Ollama is someone who goes to walmart and buys a $100 huffy mountain bike because they heard bikes are cool. Torchchat is someone who built a mountain bike out of high quality components chosen for a specific task/outcome with the understanding of how each component in the platform functions and interacts with the others to achieve an end goal."
https://www.reddit.com/r/LocalLLaMA/comments/1eh6xmq/comment...
Longer Answer with some more details is
If you don't care about which quant you're using, only use ollama and want easy integration with desktop/laptop based projects use Ollama.
If you want to run on mobile, integrate into your own apps or projects natively, don't want to use GGUF, want to do quantization, or want to extend your PyTorch based solution use torchchat
Right now Ollama (based on llama.cpp) is a faster way to get performance on a laptop desktop and a number of projects are pre-integrated with Ollama thanks to the OpenAI spec. It's also more mature with more fit and polish.
That said the commands that make everything easy use 4bit quant models and you have to do extra work to go find a GGUF model with a higher (or lower) bit quant and load it into Ollama.
Also worth noting is that Ollama "containerizes" the models on disk so you can't share them with other projects without going through Ollama which is a hard pass for any users and usecases since duplicating model files on disk isn't great.
https://www.reddit.com/r/LocalLLaMA/comments/1eh6xmq/comment...
So you can also run on any LLM privately with ollama, lmstudio, and or LLamaSharp with windows, mac and iphone, all are opensource and customizable too and user friendly and frequently maintained.
Probably if you have any esoteric flags that pytorch supports. Flash attention 2, for example, was supported way earlier on pt than llama.cpp, so if flash attention 3 follows the same path it'll probably make more sense to use this when targeting nvidia gpus.

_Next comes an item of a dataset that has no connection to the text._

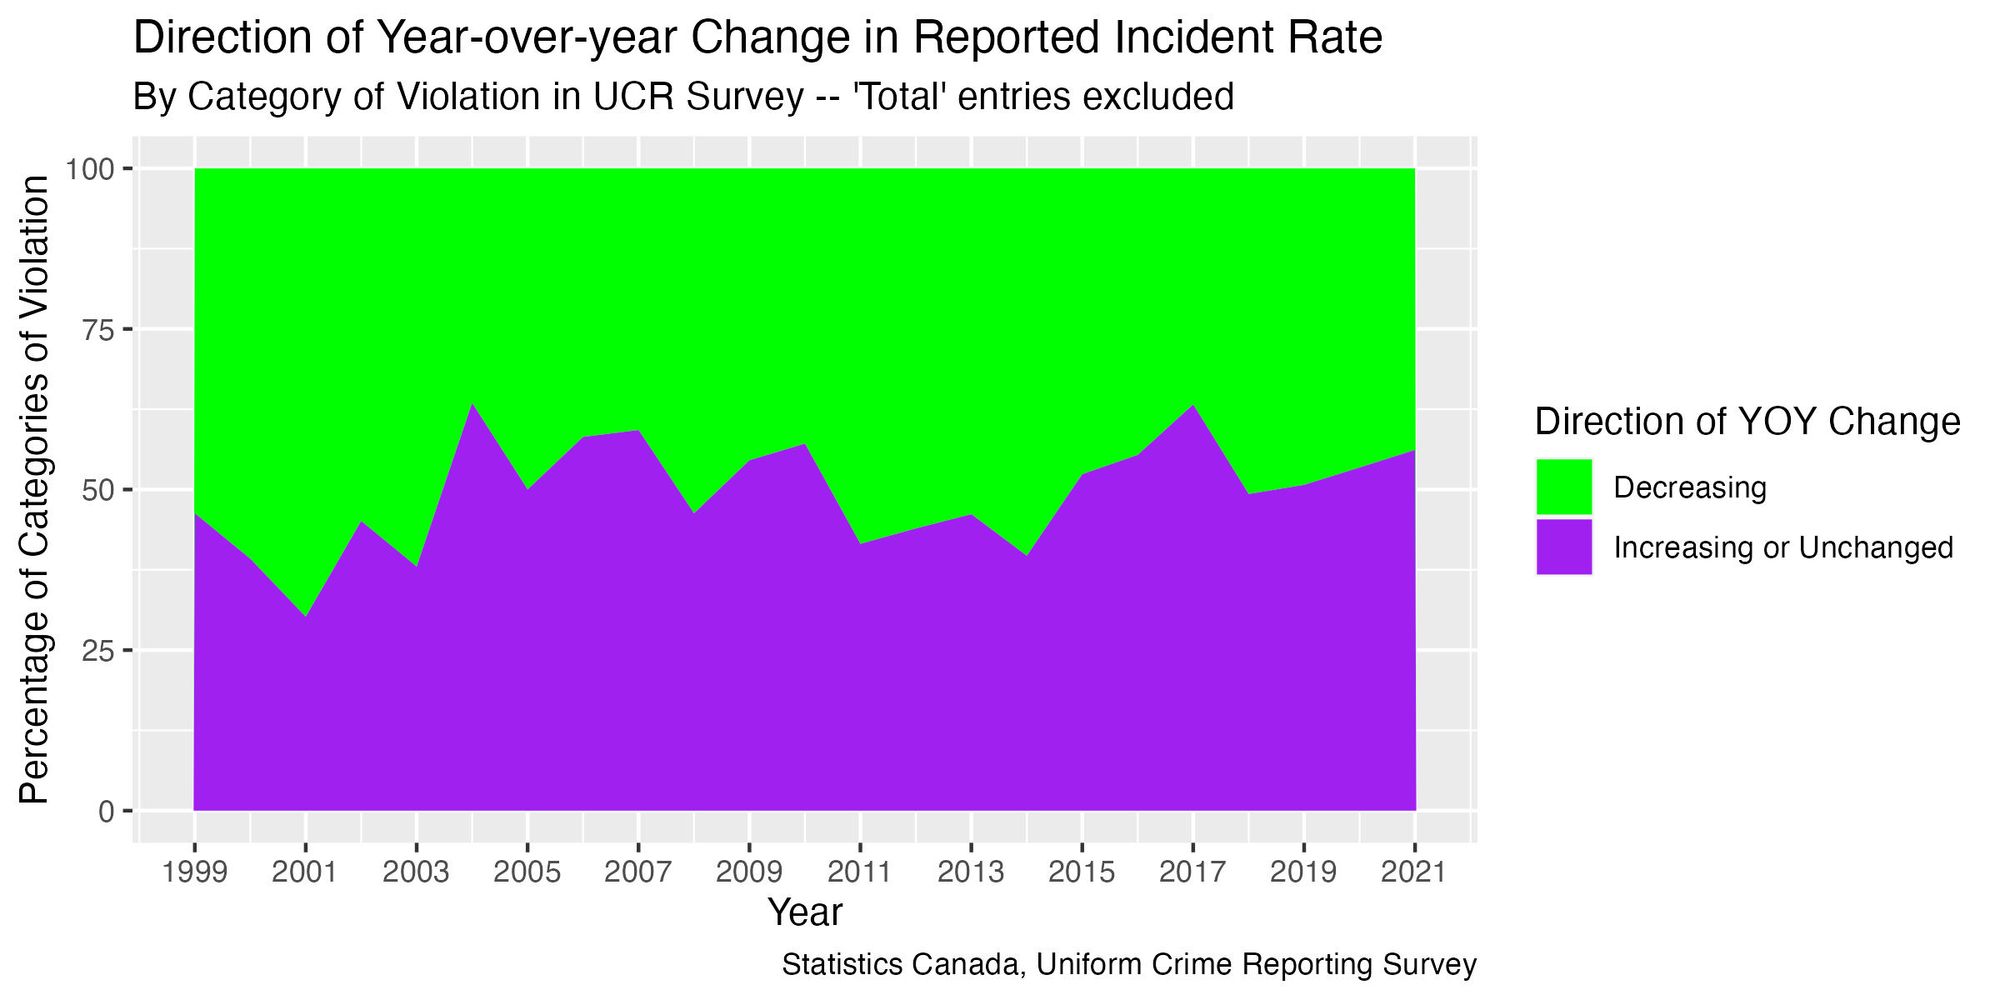 A graph for “Direction of Year-over-year Change in Reported Incident Rate” for categories of violation in the UCR, excluding “Total” entries. The area is shaded green to represent decreasing violations, and purple to represent violations that are increasing or unchanged, for each year between 2015 and 2021. The area is close to being evenly split between green and purple.

It would appear that Flash-3 is already something that exists for PyTorch based on this joint blog between Nvidia, Together.ai and Princeton about enabling Flash-3 for PyTorch: https://pytorch.org/blog/flashattention-3/
Olamma currently has only one "supported backend" which is llama.cpp. It enables downloading and running models on CPU. And might have more mature server.
How well does it run in AMD GPUs these days compared to Nvidia or Apple silicon?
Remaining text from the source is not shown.